In proportion to Armenian decline, the weight of non-Armenian
communities grew. Though focussing on the Armenian experience,
Medzopetsi is not unaware nor is he indifferent to the lives of
non-Armenians. `Unbelievers' too, were hurled down from the fortress
in Vana Hayots. In Sebastia both `believers and unbelievers alike'
died. Their presence evokes no resentment. There is no hint that they
do not belong; no suggestion that they should be removed. Non-Armenian
elites too are treated as a component of the land's unalterable
reality, a part of its natural fabric. They are evaluated and judged
not as foreign conquerors but by whether they are generous or harsh
towards Armenian Christians.

The destruction of Armenian life that Medzopetsi describes was to
continue during subsequent centuries of Persian and Ottoman
occupation. Yet right up to the 20th century to a lesser or greater
extent the region retained a multi-national design that included a
vast Armenian population in certain provinces constituting
majorities. It was left to a virulent Turkish nationalism to deploy
more ruthless assimilation, forced expulsion and then genocide to
finally cleanse western Armenia of all Armenians, a process now being
executed against the land's Kurdish population.

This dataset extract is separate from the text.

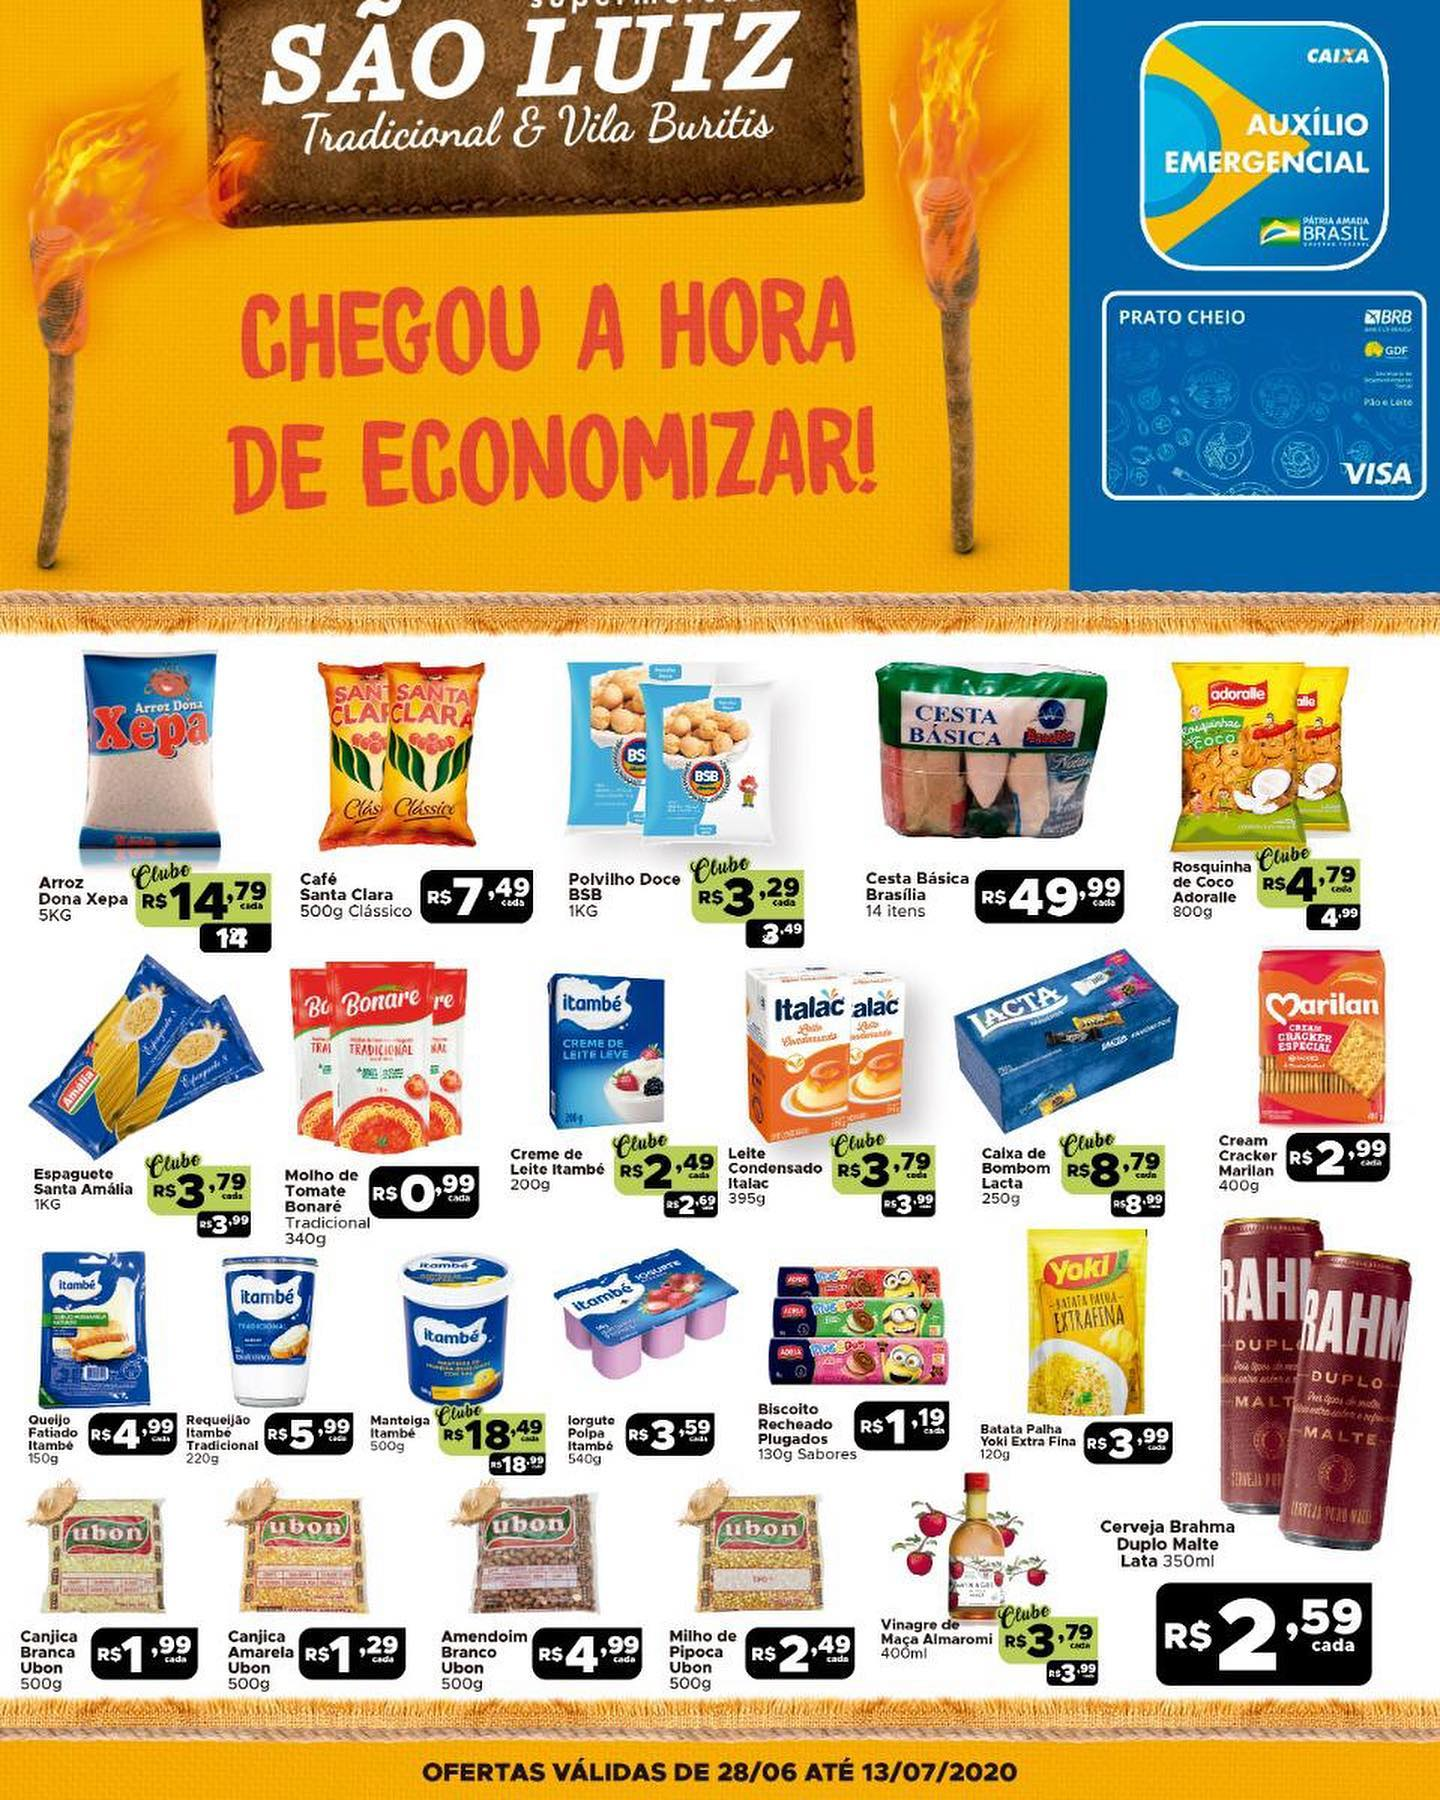 Ofertas supermercado SÂO LUIZ vence 13-07-1

III. AN `INCORRIGIBLE PRIESTHOOD' - THE FOUNDERING OF THE LAST ESTATE

Cut down by the land's new political and military lords, Armenian life
was rendered even more vulnerable, disarmed internally as it were, by
the collapse of the one remaining social-organisational institution at
its centre, the Armenian Church. For reason of its particular
historical development, the destiny of Armenian communities in
historical Armenia was in important respects inextricably bound to the
health or otherwise of the Church and its 14th century degradation
that Medzopetsi describes significantly speeded Armenian decline.

A strong Church served as a buffer sparing Armenian communities not
all but some of the worst excesses of marauding vandalism. By
contracting minimal agreements with conquering powers, the Church
could ensure protection both for its clergy and its wealth. It had
done so in the post-Bagratouni era. It had not then remained intact,
but had nevertheless shored up, and sometimes even improved its
positions through the acquisition or purchase of land that had
belonged to fleeing secular nobles. By means of accommodation and
negotiation, besides securing wealth represented by Churches,
monasteries and land, it also obtained a degree of security for that
wealth represented by communities of Armenian serfs and peasants
recognised as part of the Church's flock.

And wealth the Armenian common people indeed were. It was the Armenian
serf and the peasant who filled Church coffers with taxes and dues,
serving it also as free labour. With substantial income from Armenian
communities the Church had direct interest in acting to fend off the
non-Armenian elites also targeting Armenians for their labour and
their taxes. Such was the condition of the Church even into the 13th
century when as Giragos Gantzagetsi shows it was a magnitude that
conquering rulers judged necessary to negotiate with (see Note 3).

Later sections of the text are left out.